The retinae were viewed with a confocal laser scanning microscope (Zeiss LSM 510 META; Carl Zeiss AG, Oberkochen, Germany). We evaluated the entire retinae and compared the intensity of the immunolabeling of various areas between the two age groups. For a more detailed description of the procedures employed and the respective controls, see Nießner et al. (Nießner et al., 2011).

Behavioural experiments

For the behavioural experiments we used 72 chickens. They were incubated at the University of Frankfurt and kept in individual cardboard pens with food and water available ad libitum. Immediately after hatching, they were imprinted on a red table tennis ball that became their ‘mother’, following the established standard procedures, with the ball hanging on a nylon string in the centre of the cardboard box at a height where the young chick could easily touch and move it (e.g. Vallortigara et al., 1998).

Training and testing took place in a square arena (side length 80 cm, 70 cm high) with white screens (15 cm wide, 25 cm high) placed in each corner [see fig. 1 in Denzau et al. (Denzau et al., 2013)], using the standard procedure described in detail by Freire et al. (Freire et al., 2005). It began with visual displacements, in which the chick, confined in a transparent box, could observe the red table tennis ball disappear behind the screen in the training direction. The next step involved relocations, in which the table tennis ball was already hidden behind the screen in the training direction, with a second identical ball behind the screen in the opposite direction. This was done because chickens trained using this procedure do not discriminate between a direction and its opposite, but just show axial preferences (Freire et al., 2005). On finding one of the two balls without looking behind another screen, the relocation was scored as correct, and the chick was rewarded by being allowed to stay for 1 min with the ‘mother’. All training took place in the local geomagnetic field. To reach the criterion for the first test, each chick had to complete at least seven relocations, with at least the last three correct.

The critical tests were unrewarded, i.e. without table tennis balls behind the screens. They took place in a magnetic field with north shifted 90 deg to the east by Helmholtz coils so that chicks that used unavoidable non-magnetic ‘room’ cues would score incorrectly. After choosing one screen, the chick was immediately removed from the arena and brought back to its cardboard pen with the ball already hanging in the box. Every test was followed by at least one relocation, and after one correct relocation, testing continued until the chick had performed five critical tests.

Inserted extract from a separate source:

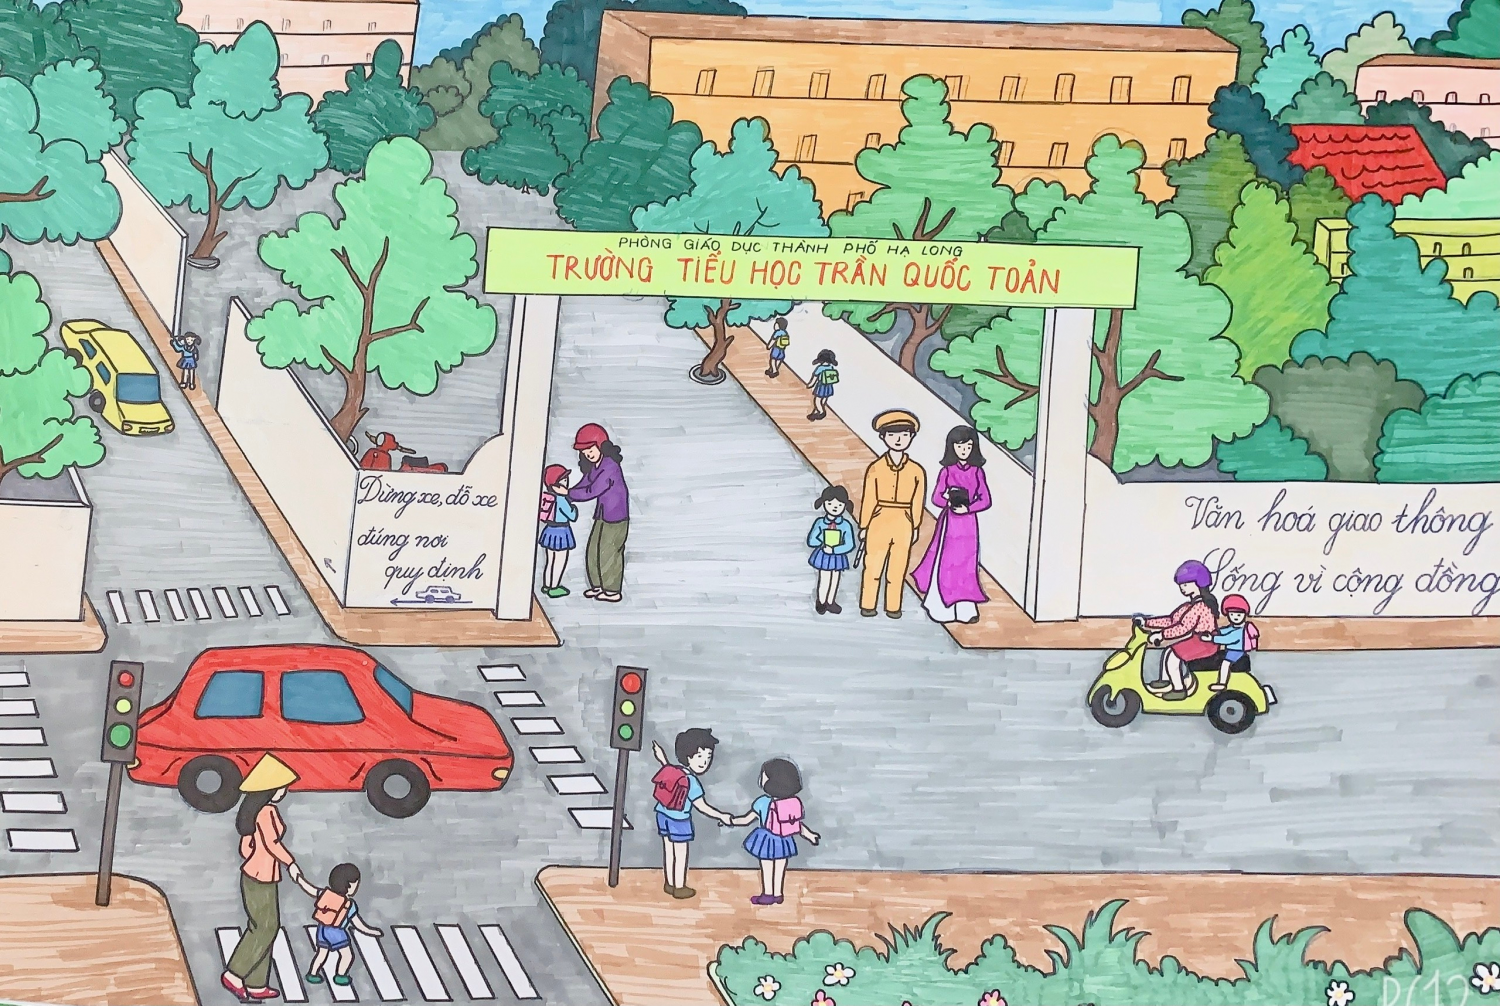 Tác phẩm: “Văn hóa giao thông – Cộng đồng hạnh phúc” do Đoàn viên tổ 1 – Trường TH Trần Quốc Toản, TP Hạ Long, QN vẽ

Because we wanted to observe the ontogenetic development, six groups of 12 chicks each were tested; one group each was tested on days 5, 6, 7, 8, 9 and 12 after hatching. Training and testing of an individual chick took place within 1 day, starting with visual displacements in the morning, followed by relocations. Testing took place in late morning if a chick was very fast in reaching the criterion, but mostly testing took place in the afternoon. The chicks, especially the very young ones, often got tired during training and testing and took a brief nap; testing was interrupted for that time period. One week after its first testing day, on days 12–16 and 19, each chick was tested again five times, following the same procedure.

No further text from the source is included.